* **Data block**:
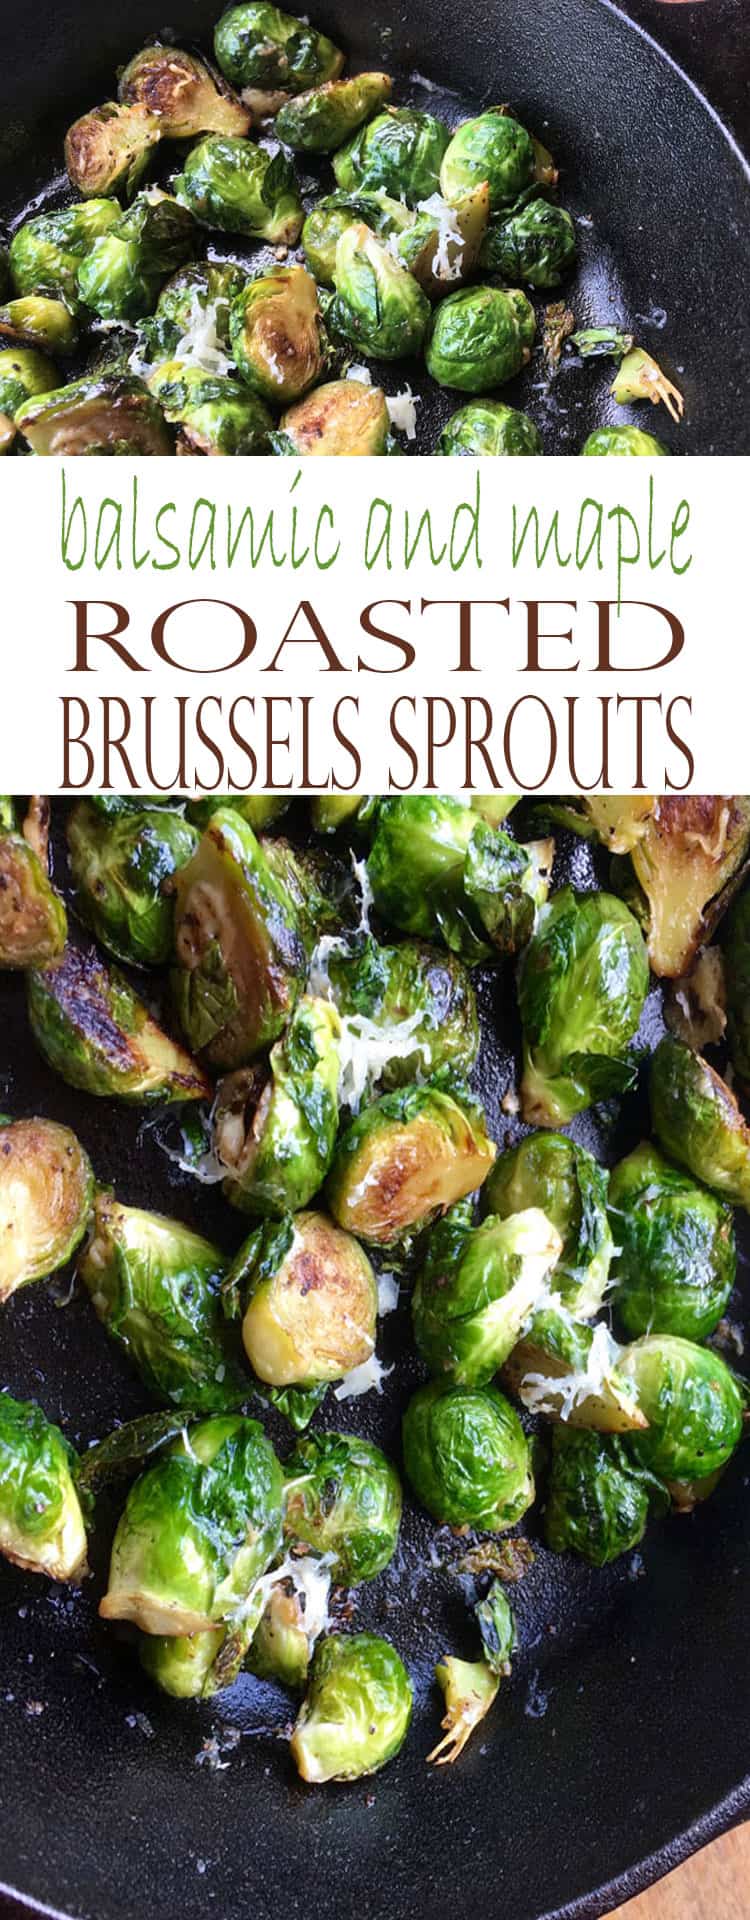 Balsamic and Maple Roasted Brussels Sprouts are the perfect healthy side dish. The Brussels sprouts are roasted to perfection and drizzled with a maple-balsamic glaze, making this dish the perfect combination of savory and sweet.
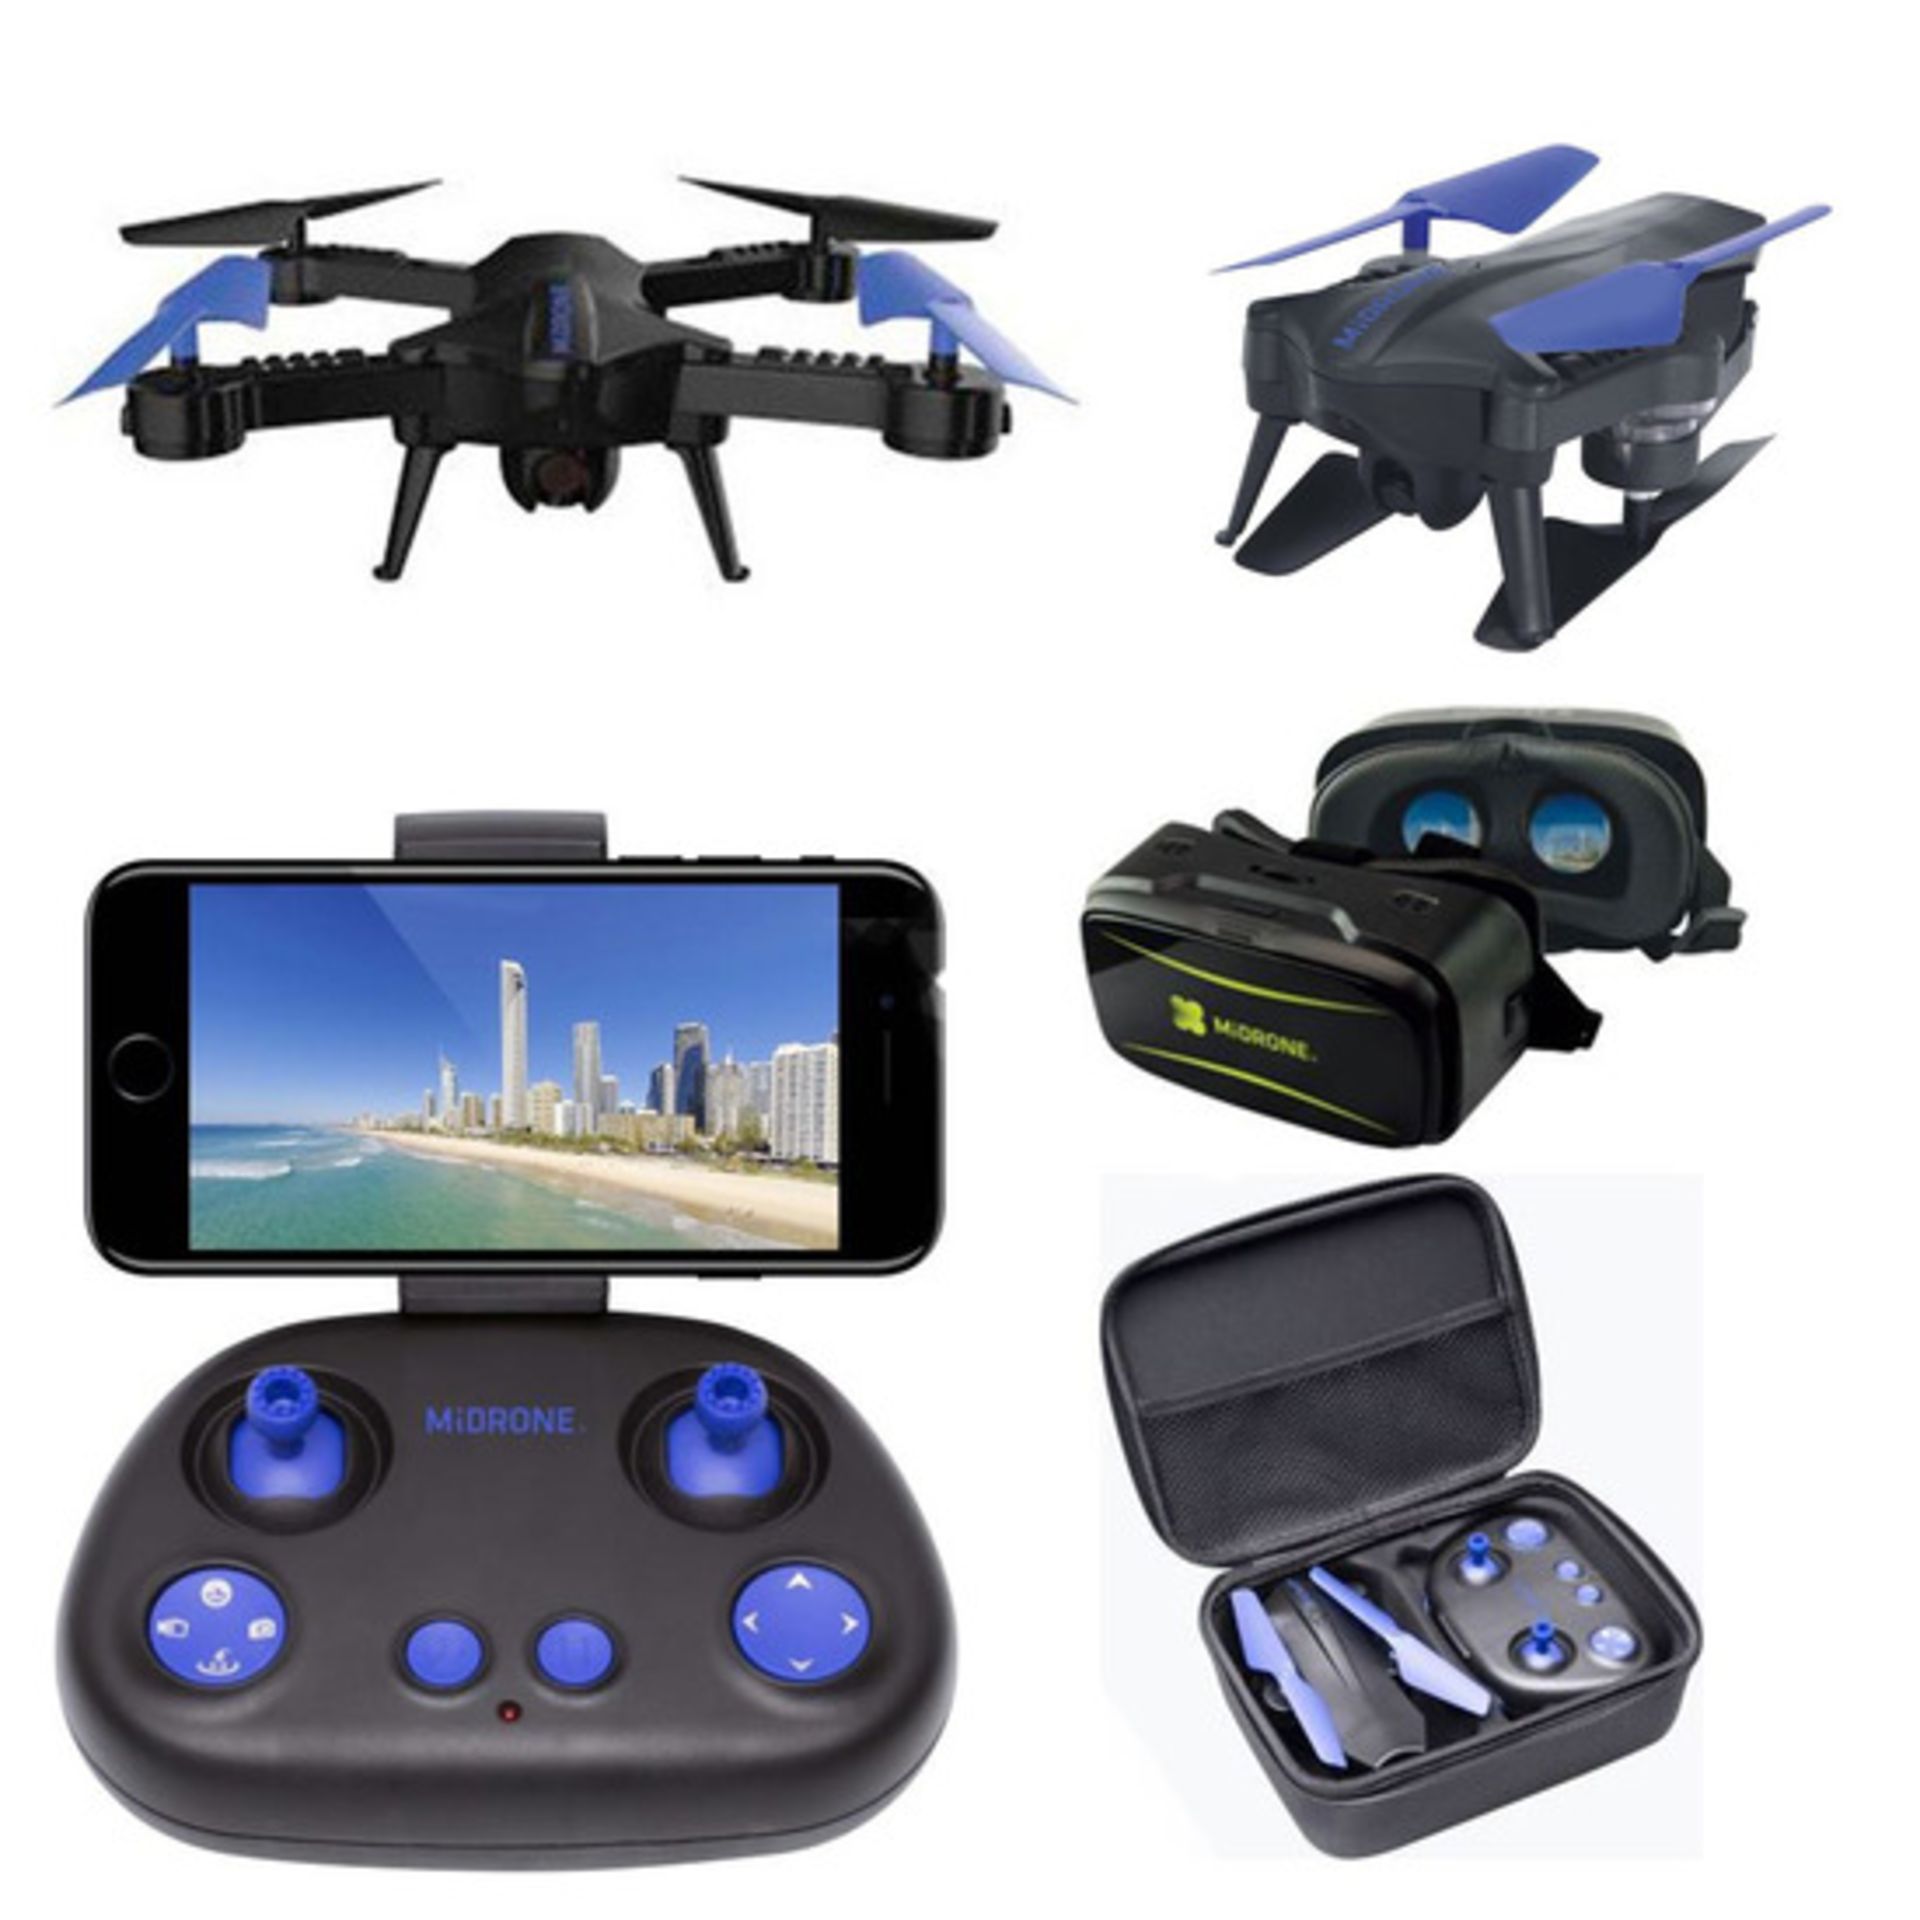 V Brand New MiDrone HD WiFi Drone With Intergrated Full HD Camera PLUS VR Kit (Goggles & Case)
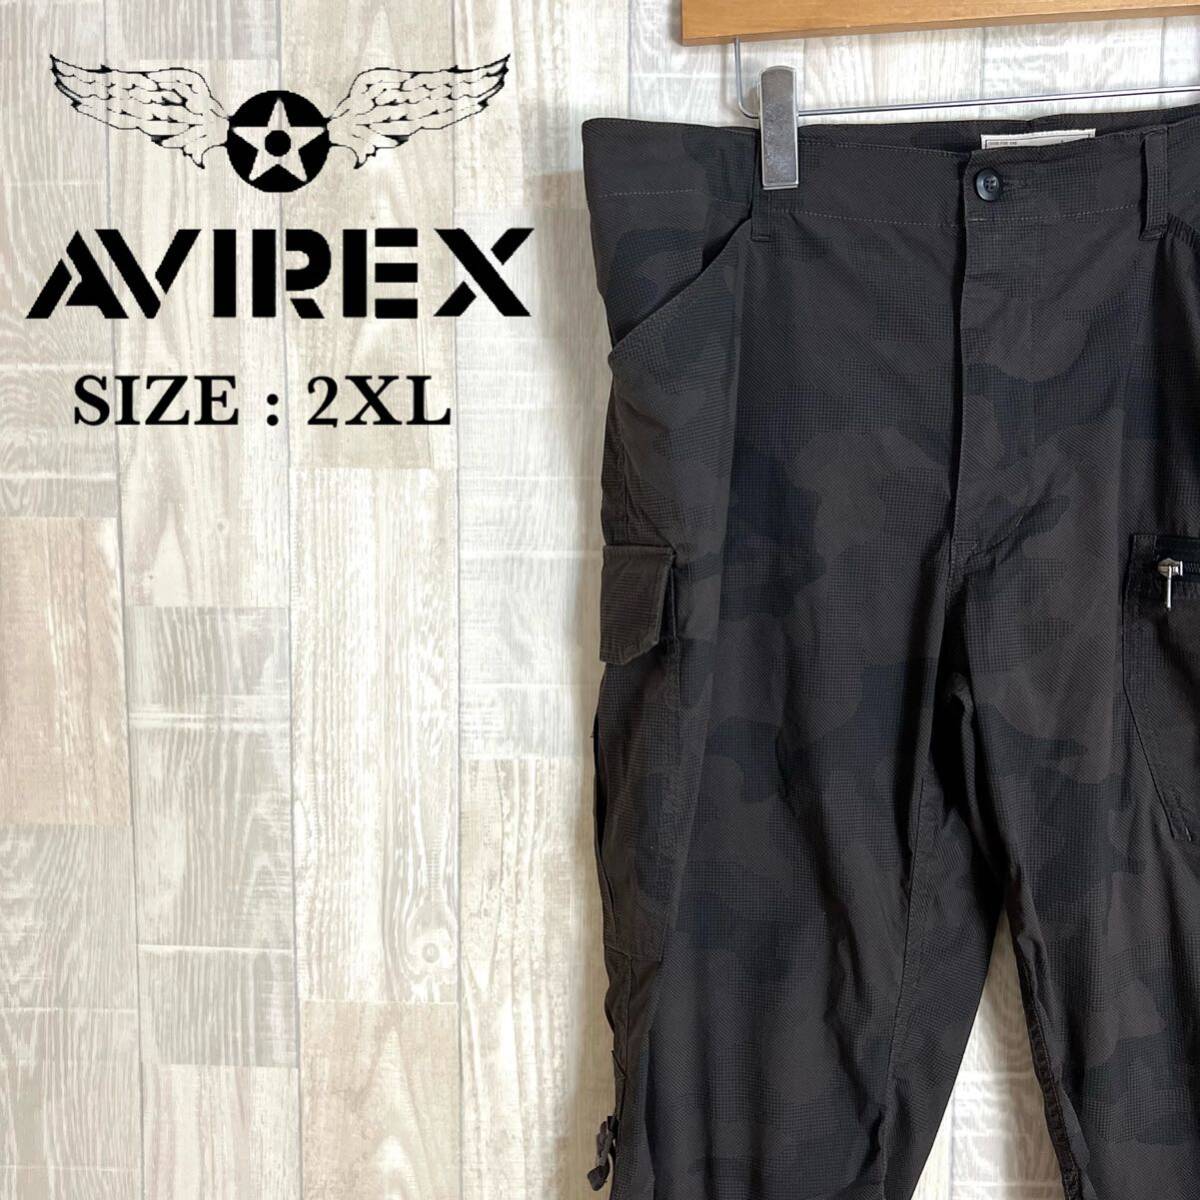 M3733 AVIREX Avirex the smallest stretch cargo pants 2XL size .. Brown camouflage pattern cropped pants height men's bottoms 
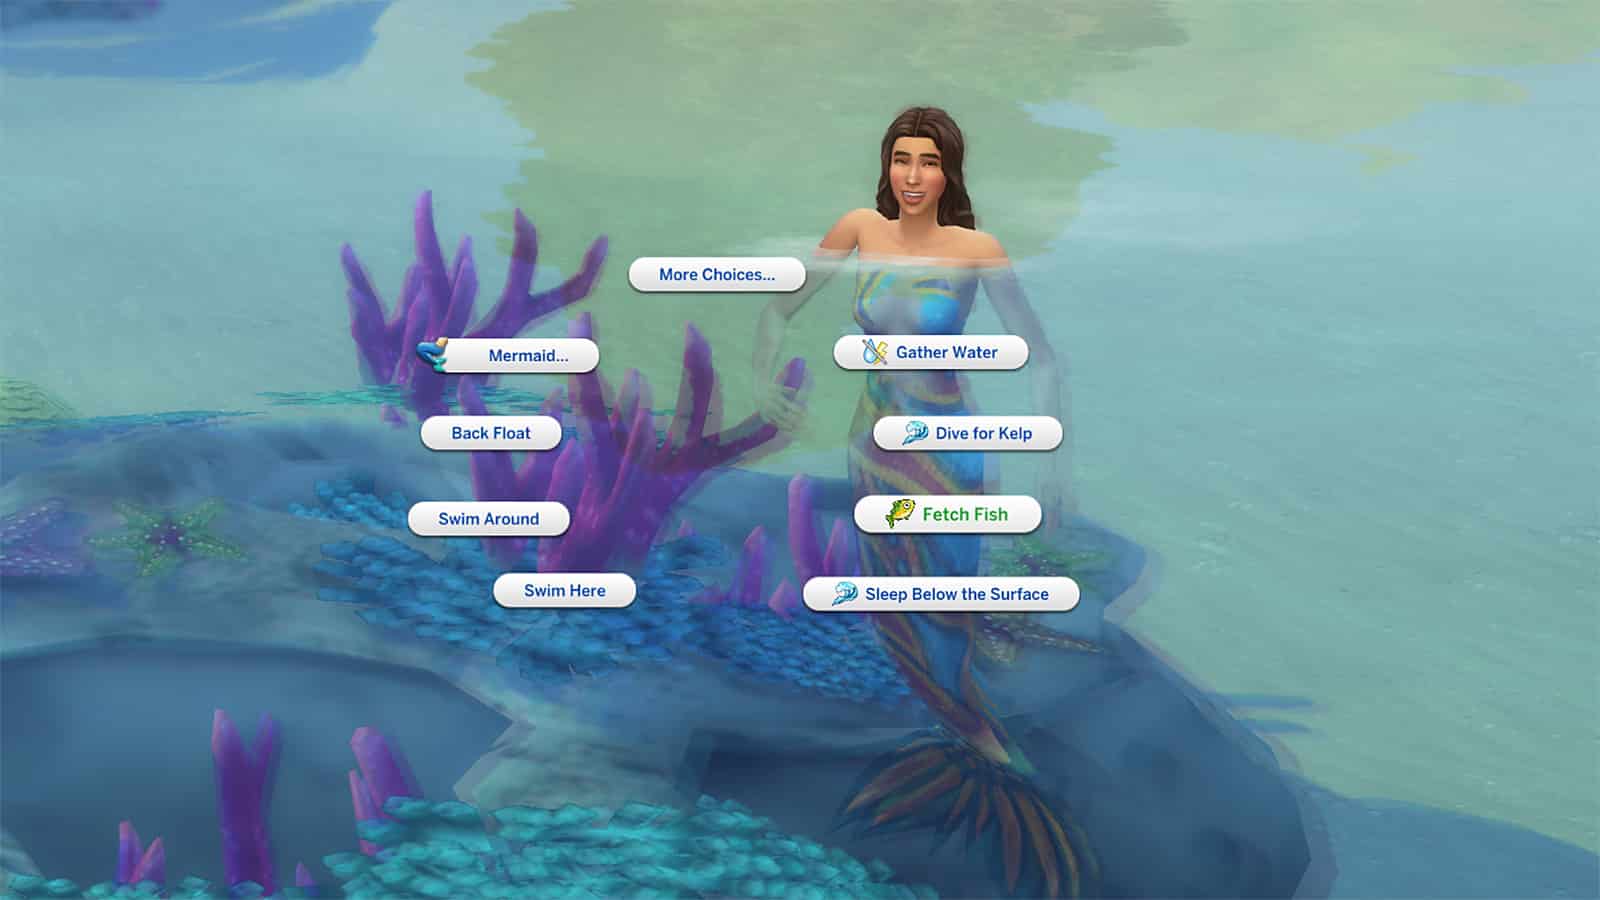 Get Rich Quick: How To Get Maximum Simoleons with The Sims 4 Money Cheat - Cheat  Code Central

* **Exercise aim**: Print the listing exactly, minus its pictures.

* **Output of the task**:
 Balsamic and Maple Roasted Brussels Sprouts are the perfect healthy side dish. The Brussels sprouts are roasted to perfection and drizzled with a maple-balsamic glaze, making this dish the perfect combination of savory and sweet.
 V Brand New MiDrone HD WiFi Drone With Intergrated Full HD Camera PLUS VR Kit (Goggles & Case)
 M3733 AVIREX Avirex the smallest stretch cargo pants 2XL size .. Brown camouflage pattern cropped pants height men's bottoms 
 Get Rich Quick: How To Get Maximum Simoleons with The Sims 4 Money Cheat - Cheat  Code Central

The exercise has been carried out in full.